Ring 3: What is the next step?

It has been a week since this small car was loaded with too heavy a burden, one that only a truck could handle. They say that it will be discussed in a cabinet meeting, after the ministers finish their summer break. The day after the transfer of the assets between Savings Bank and State Bank, talks stated that State Bank will be privatized after its assets are increased. Privatization is the right step towards strengthening corporate governance of State Bank and would require more operational transparency. The public money is to be spent on the expansion of State Bank assets and should be used this way.

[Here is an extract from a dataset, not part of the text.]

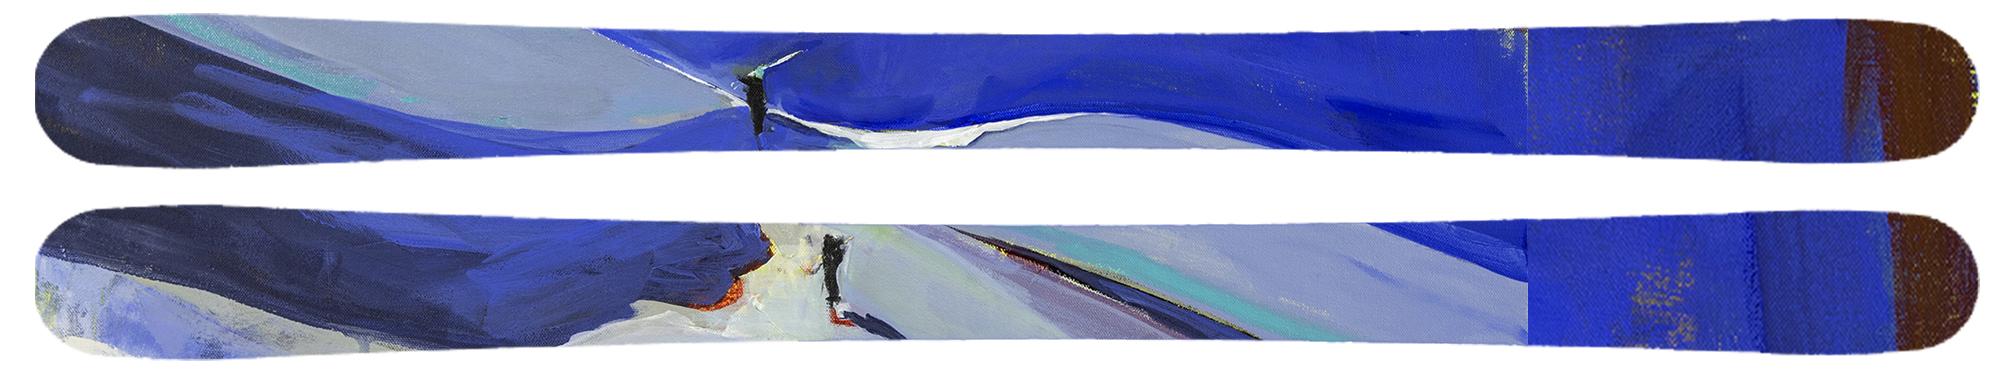 Cornice on skis

The only problem is the decision regarding who State Bank should be privatized to. If the ownership is transferred to a commercial bank, like before, there will be no difference at all. The old orchestra will still be playing the same music despite some musicians being replaced. Furthermore, if State Bank’s ownership is given to someone who has direct or indirect affiliations with the current authorities, people are likely to view the takeover of Savings Bank as a deliberate action planned from the beginning. Even if our faith in government falls through the floor, the culprits and their puppet politicians will be held responsible for their actions one way or another.



Nevertheless, State Bank shares should be offered on the domestic stock exchange by making an IPO. For a start, 60 percent of the shares should be offered, and the 100 billion MNT of public money used to expand the bank’s assets ought to be recovered along with its interest payments. Then, the rest of the money generated by the IPO should be transferred into State Bank’s own assets. As the price of shares goes up in the future, the remaining 40 percent should be sold and collected for the State Fund.

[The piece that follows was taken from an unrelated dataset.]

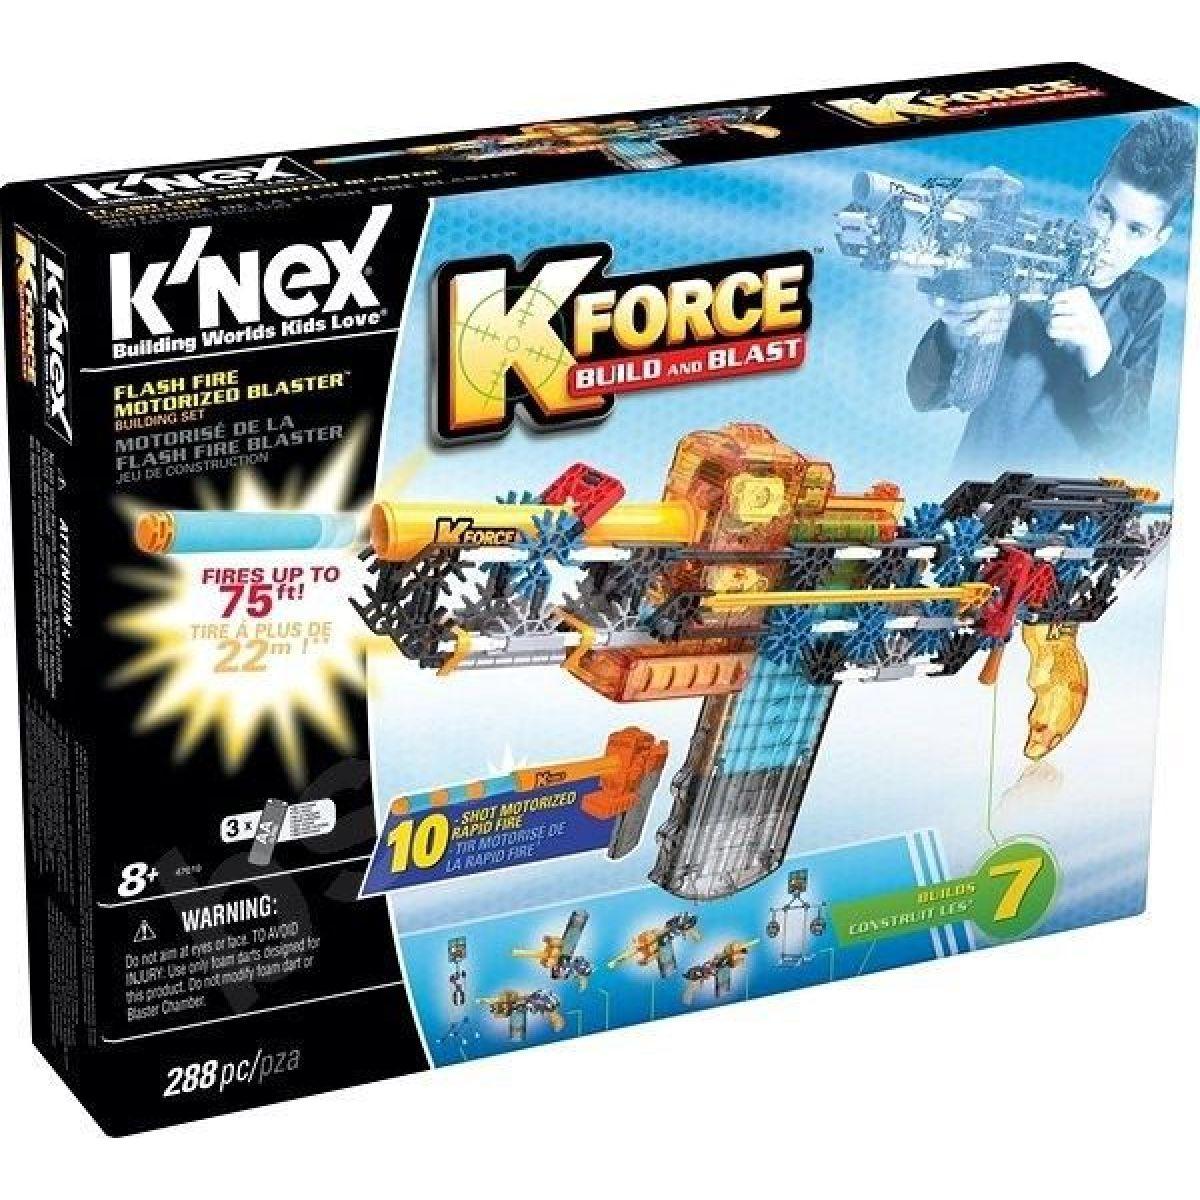 Knex Stavebnice Flash Fire Blaster

This privatization should create a public company where one legal entity is not allowed to own more than five percent of the shares. This will strongly boost the development of our capital market and pave the way for a future reduction in the savings rates.

Ring 4: How can we make sure that it does not happen again?

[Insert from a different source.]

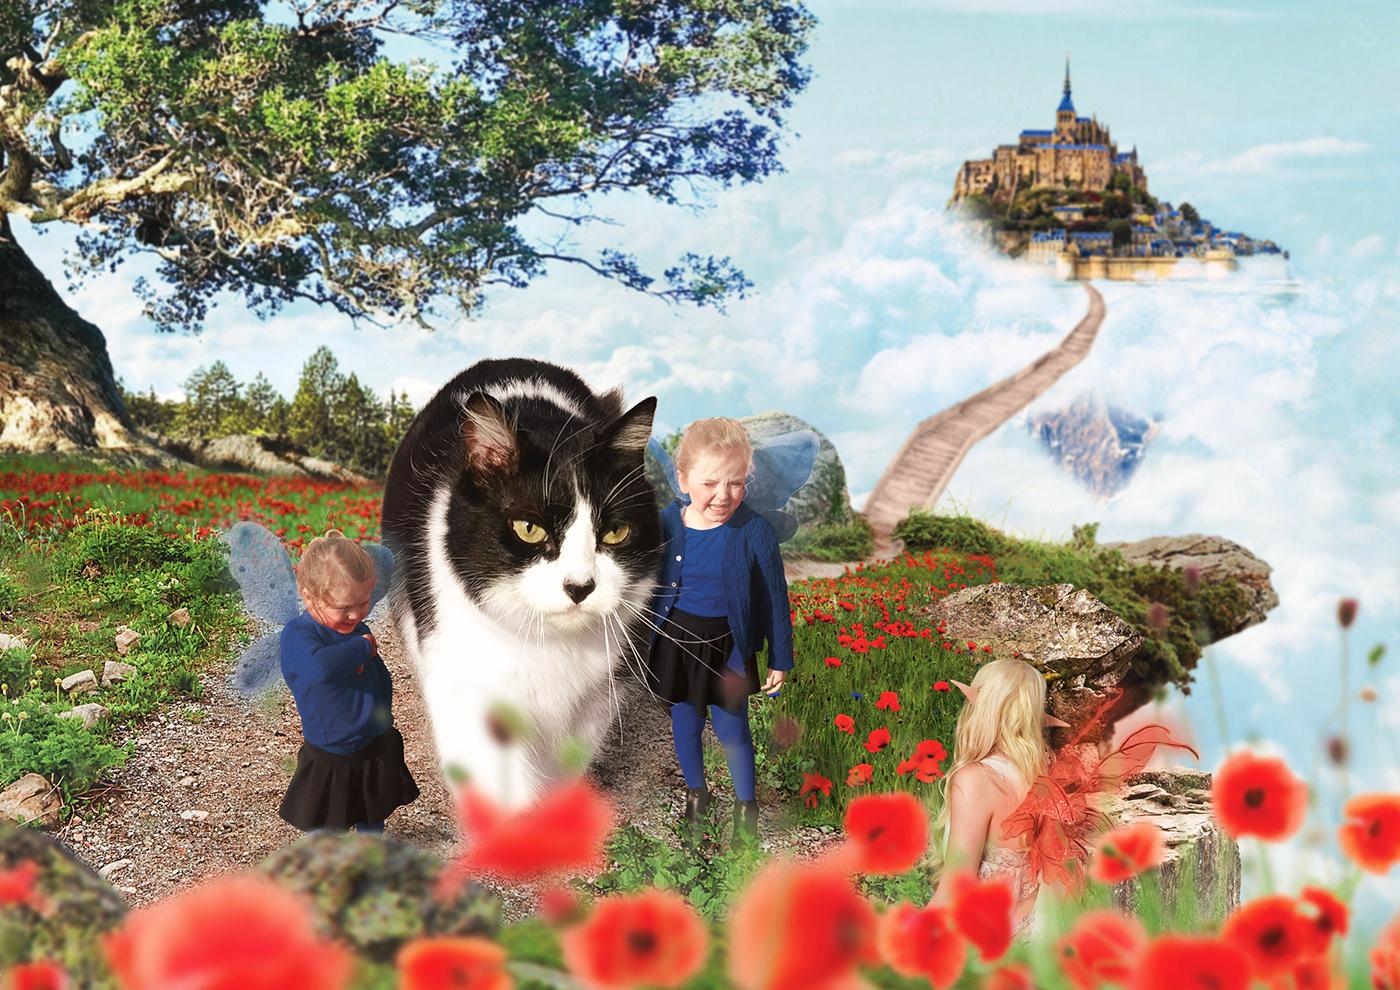 photoshop Photo Manipulation  retouching  Digital Art  fantasy faeries Cat floating islands concept art

First of all, we have to demand that commercial banks disclose information about who their shareholders are. It will allow people to see which political parties, politicians or decision makers are behind which banks and enable them to make better choices based on that information. These politicians, who share hardly any difference in political ideology, are the ones who know best about what their money can do.



Furthermore, only ten percent of the total assets of our commercial banks belongs to their actual owners. The remaining 90 percent are assets that belong to deposit accounts. Therefore, it is only fair to disclose information about ownership. A bank is the only organization that is capable of pulling public capital in one place through savings. Hence, banks must be separated from politics.



Secondly, a law needs to be passed that if a bank gets bigger than one fifth of the banking system, 60 percent of its shares go to the public and privatization should be carried out. Also, we can mitigate risk by appointing a public representative to the bank’s representative council. This step will play the biggest role in reducing savings and loan rates.



O.Magnai, head of the Agency for Fair Competition and Consumer Protection, must realize that banks, usually the small ones, start the battle of high-interest deposit rates. This must be stopped immediately.
Relevant organizations and associations must work hard to strengthen the independence of internal auditing of commercial banks, improve corporate governance, and enhance accountability. It is also time to put our banks into a ranking system.



If foreign triple-A rated banks come to Mongolia, there will be much fiercer competition and the necessity to carry out the above-mentioned tasks will come naturally. A bank is a trust-based organization.



The bank bell is ringing to remind us that every action a bank takes must enhance trust rather than diminish it.